■ What you should do
Only the lines from the one with "KOHLER Figure White" to the end of the data below should be given again, exactly, with both ends included and pictures omitted.

■ Information supplied
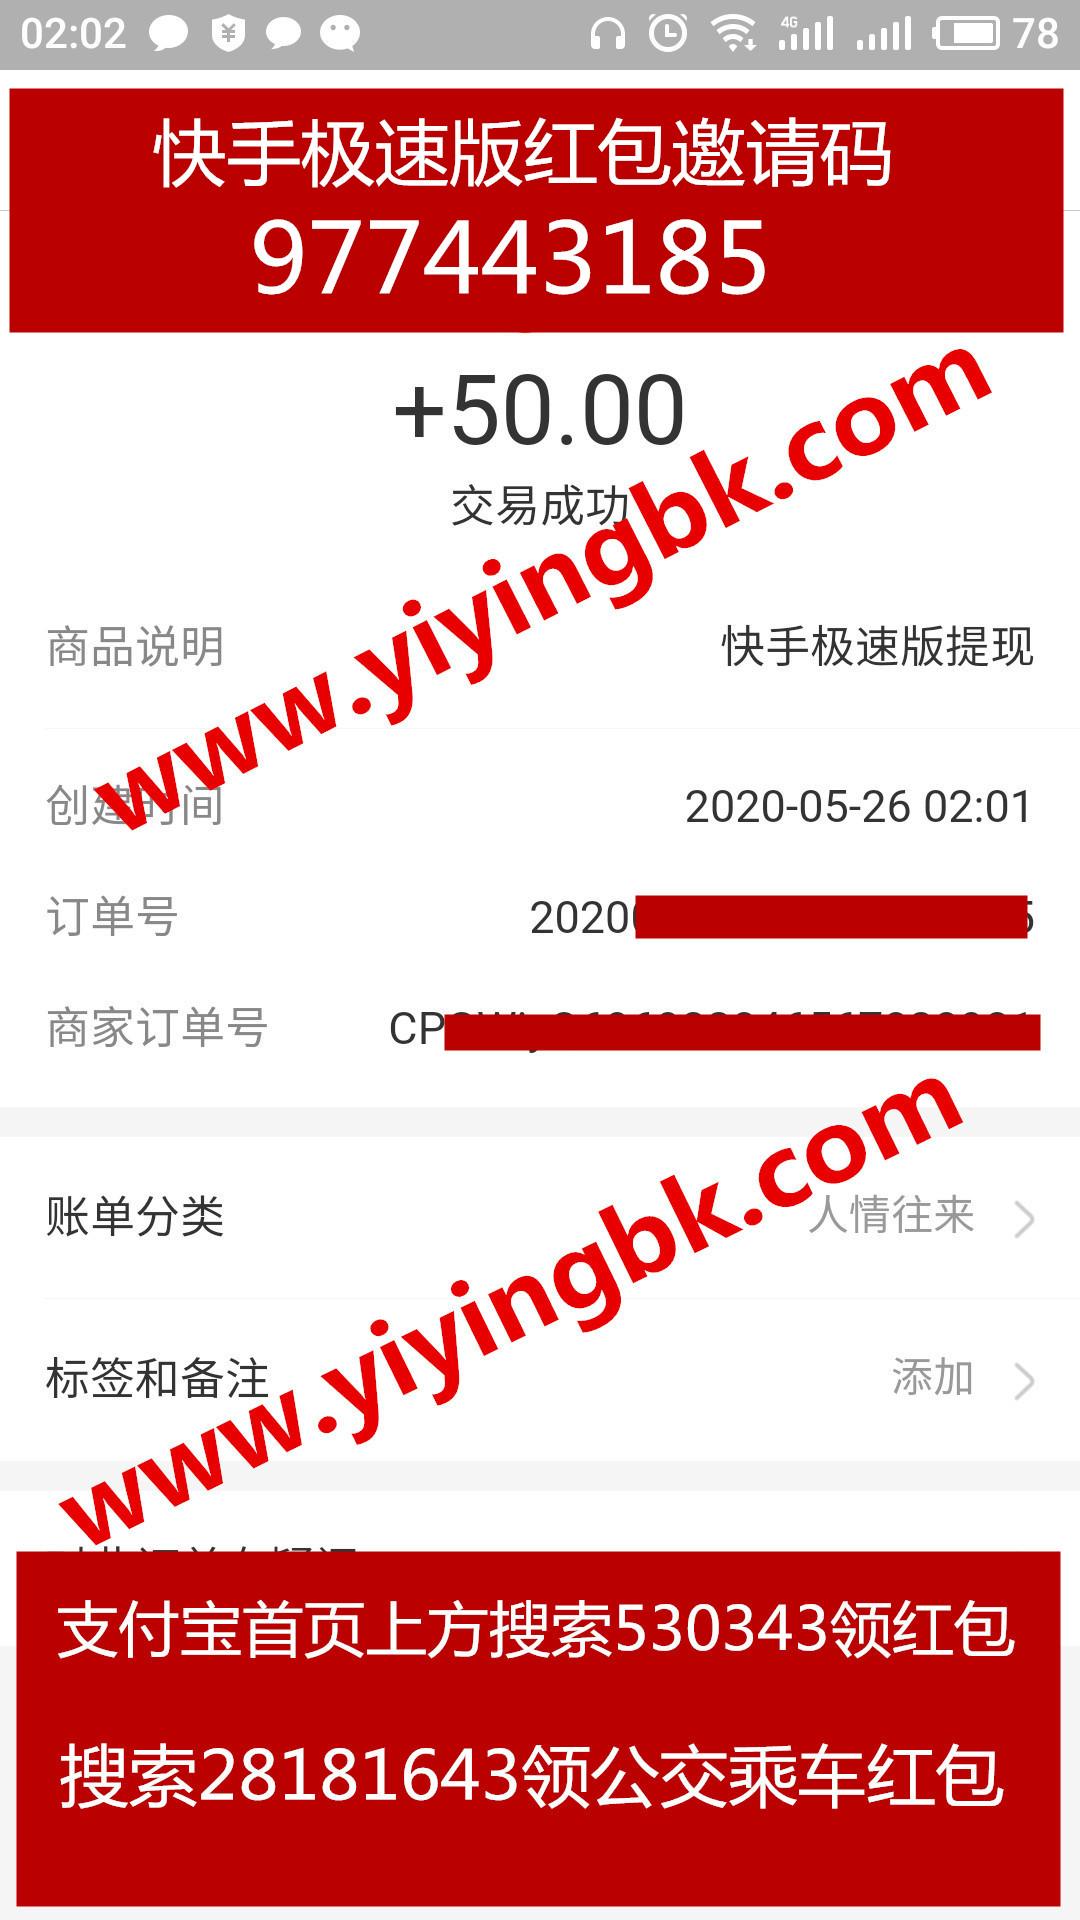 快手极速版填邀请码977443185领红包,免费红包每人都能领!
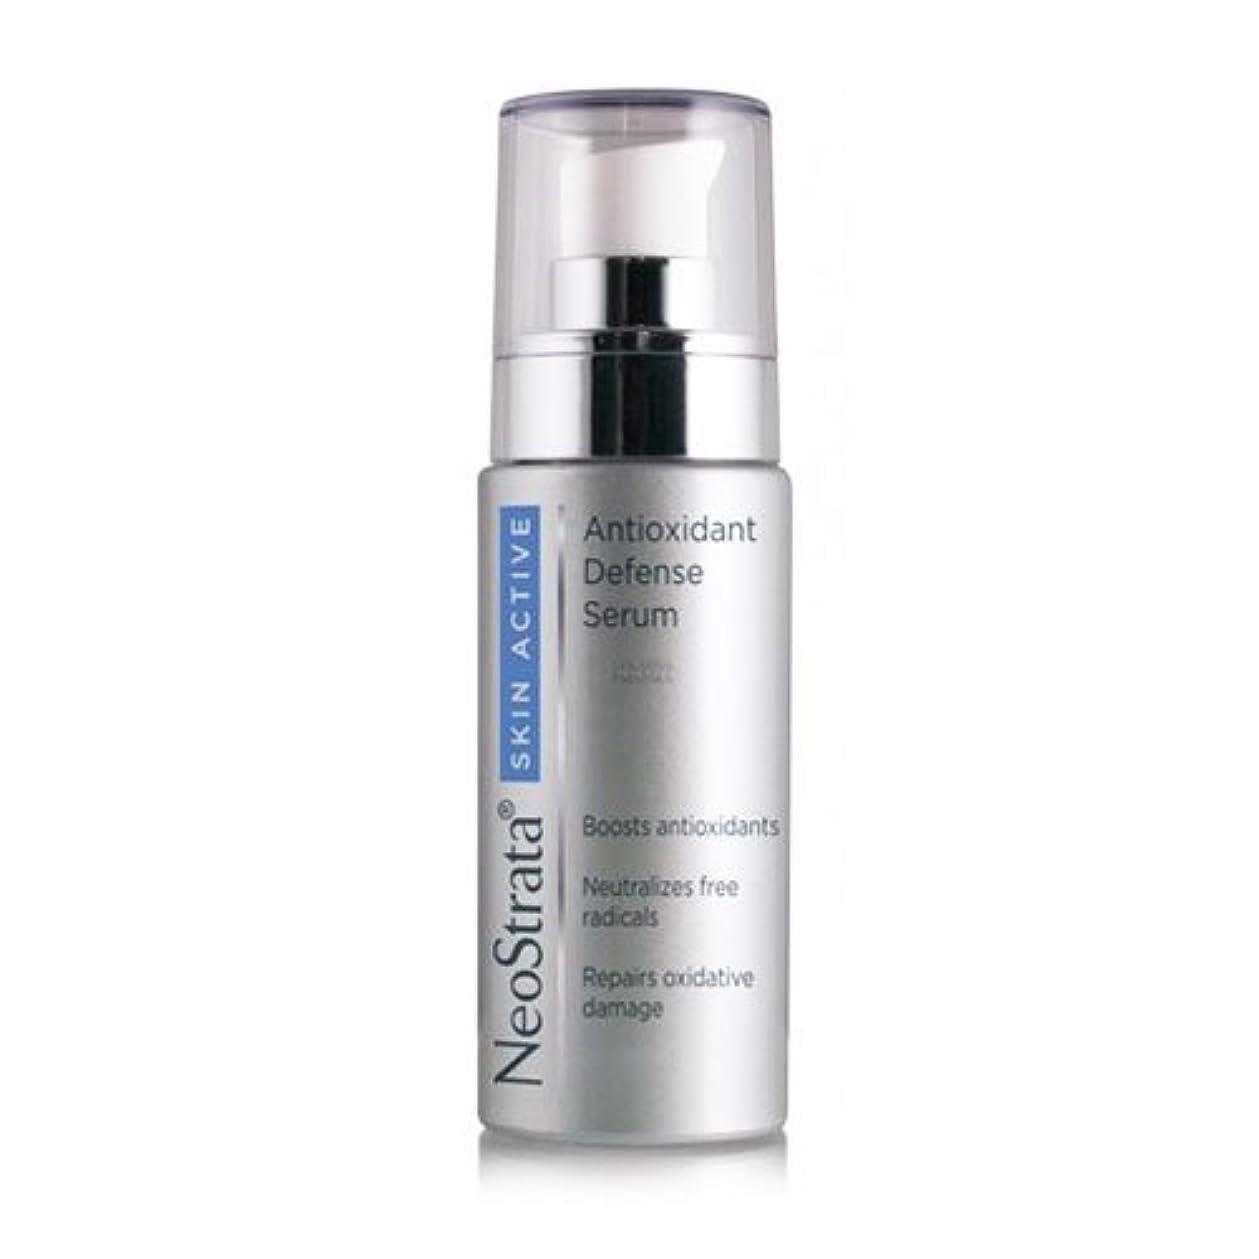 肯定的ストレンジャー鑑定Neostrata Skin Active Antioxidant Defense Serum 30ml [並行輸入品]
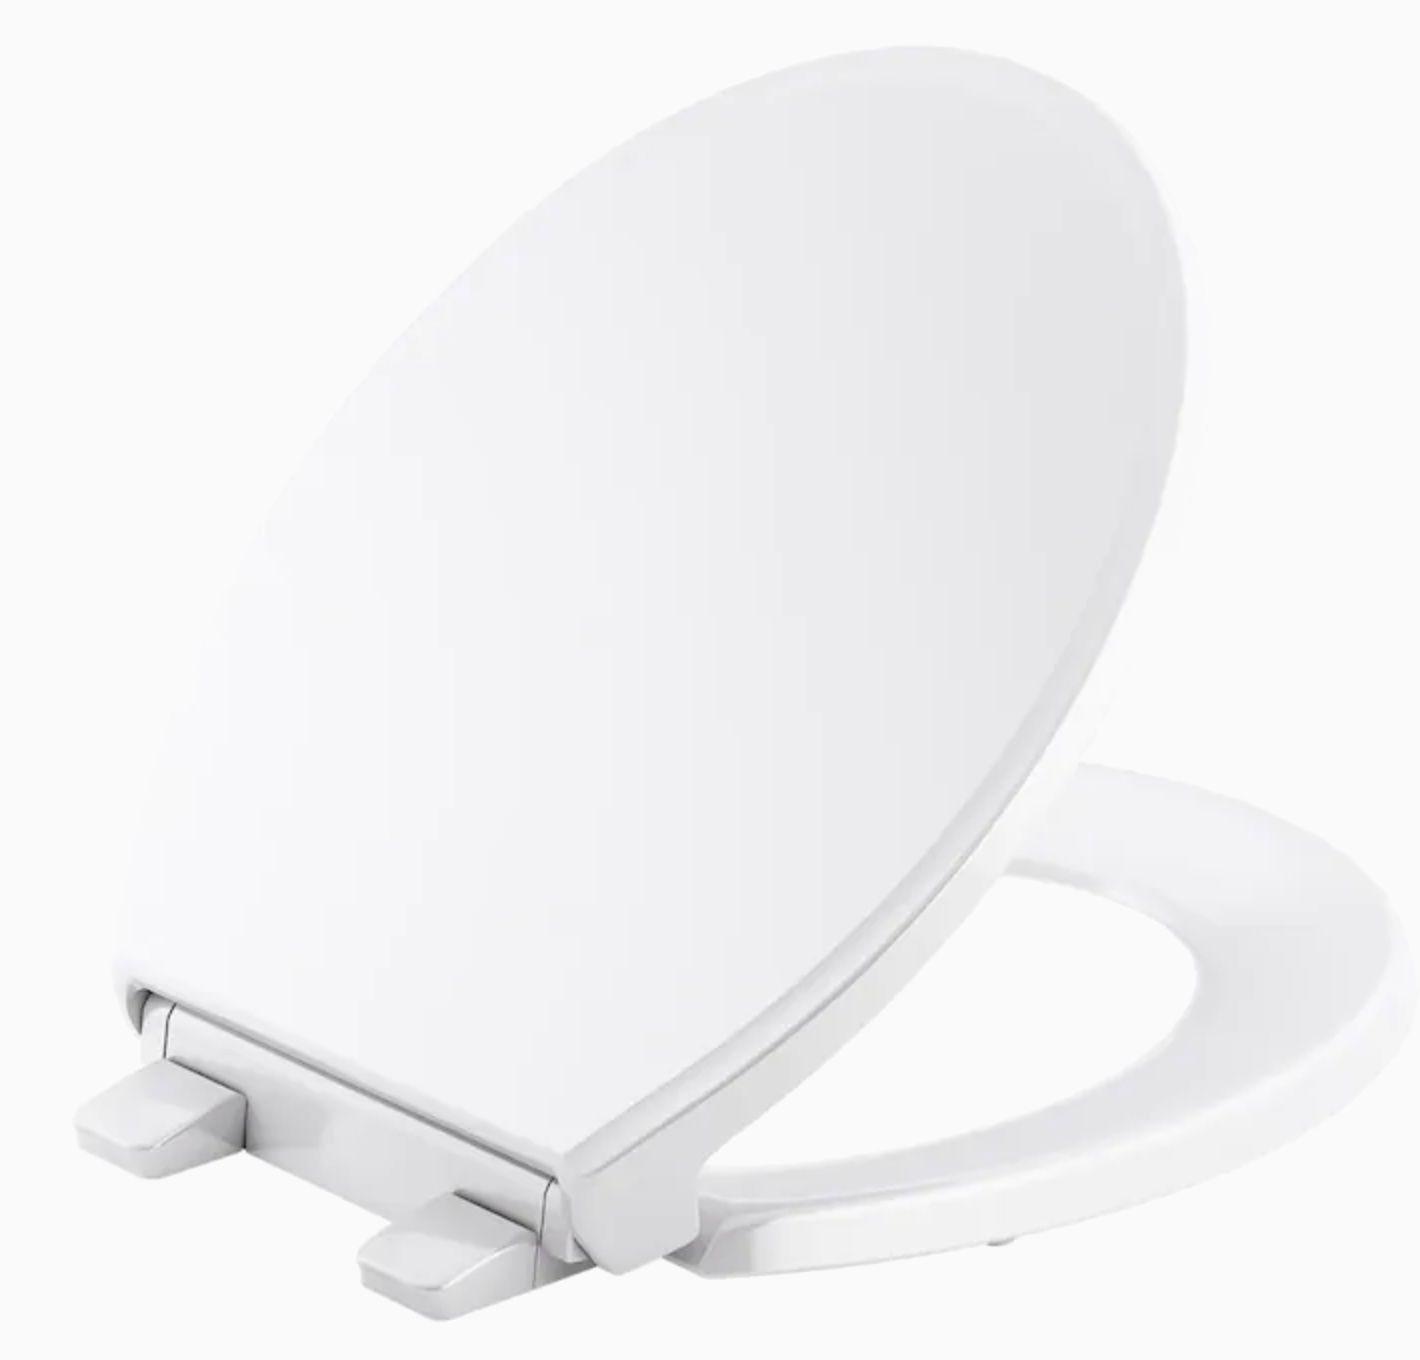 KOHLER Figure White Round Slow-Close Toilet Seat
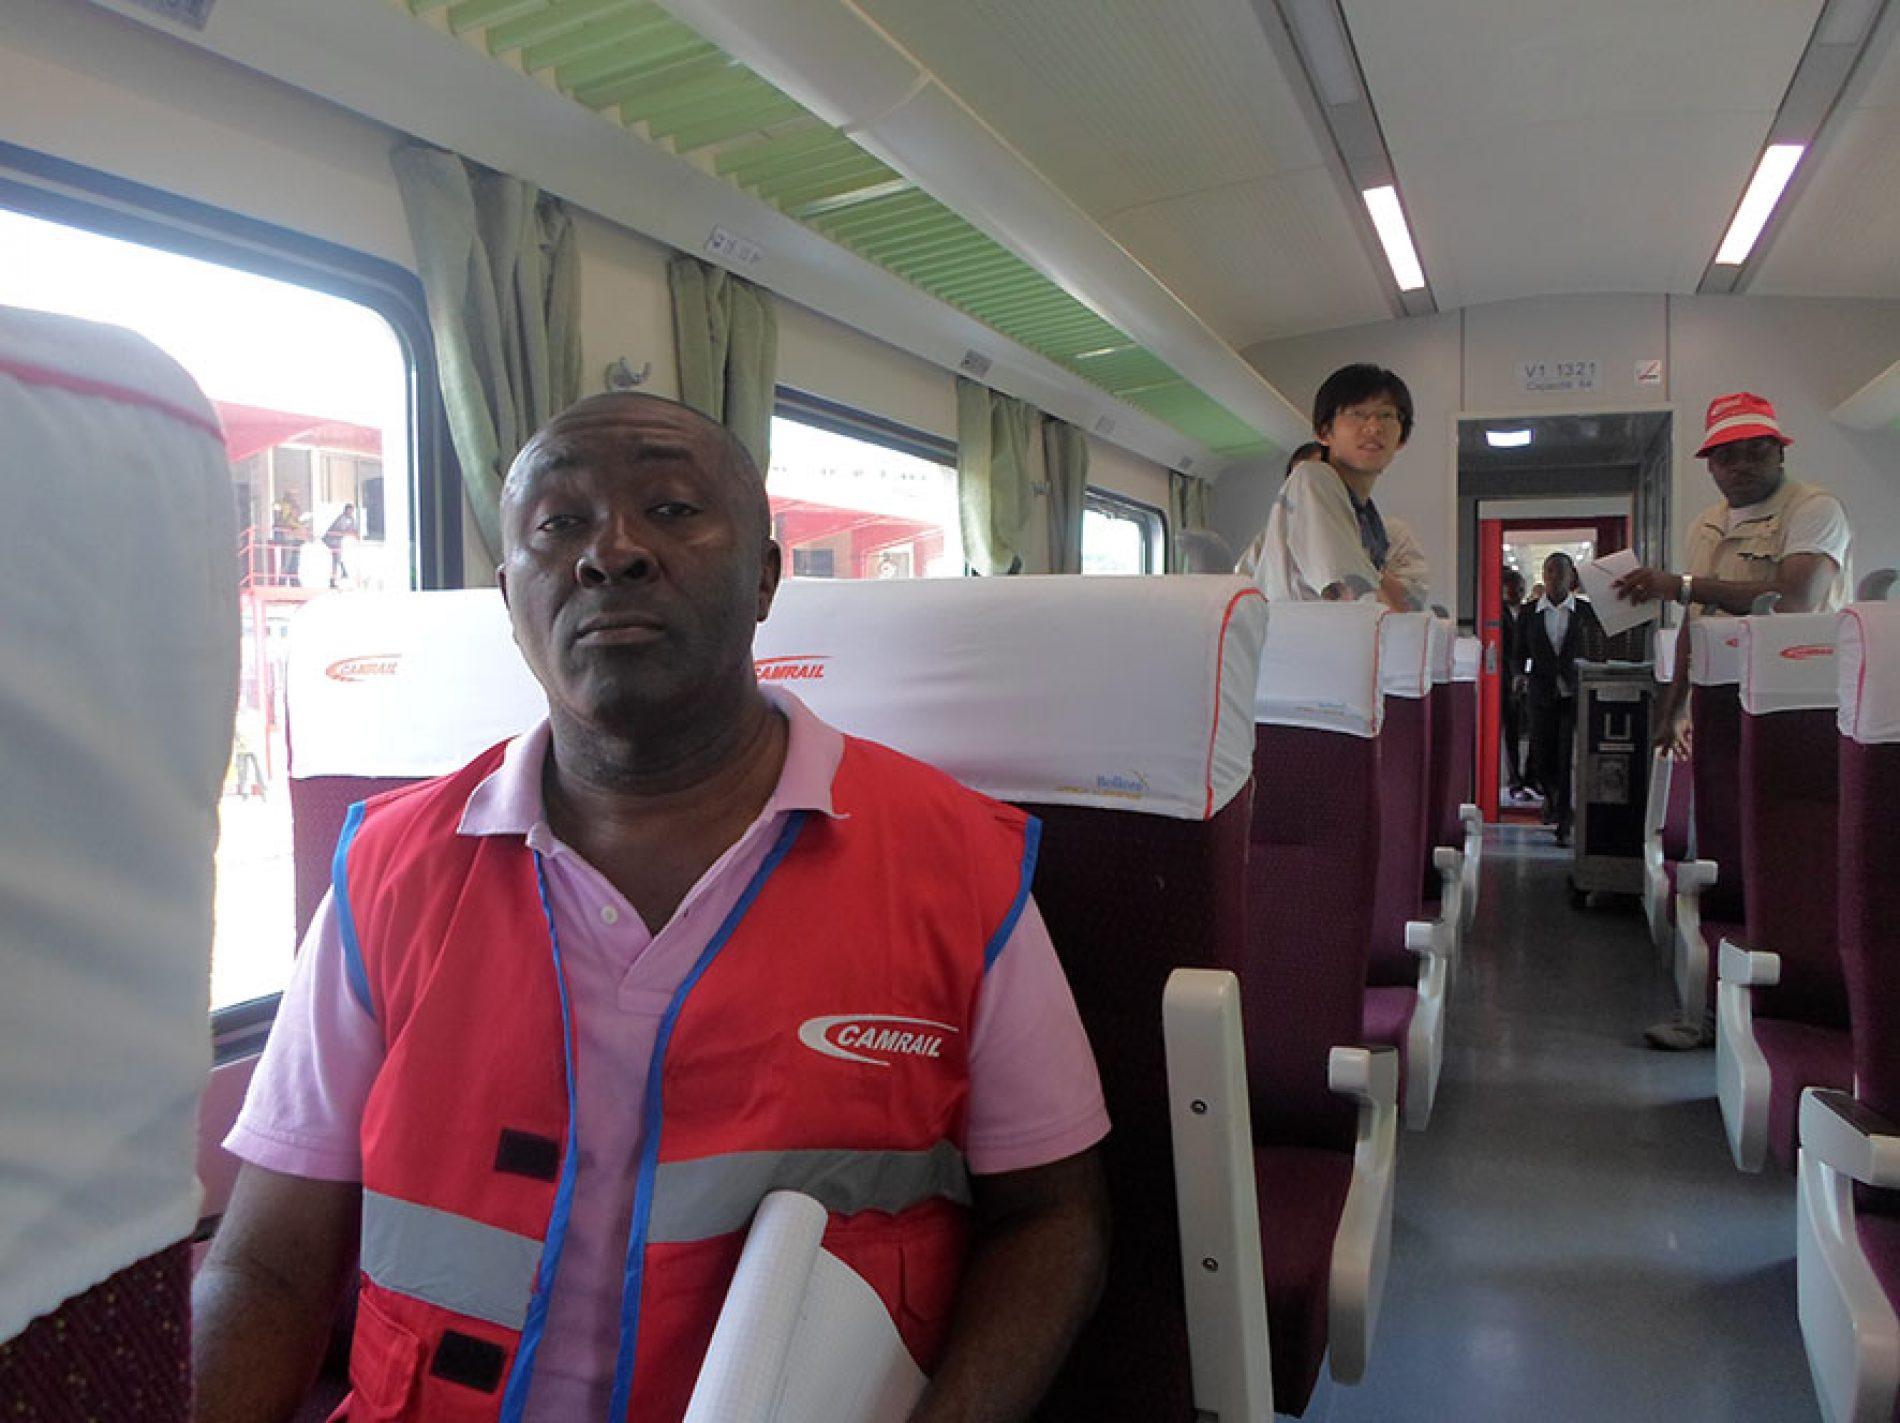 Transport interurbain : Le nouveau InterCity sur les rails

■ Response to this task
 KOHLER Figure White Round Slow-Close Toilet Seat
 Transport interurbain : Le nouveau InterCity sur les rails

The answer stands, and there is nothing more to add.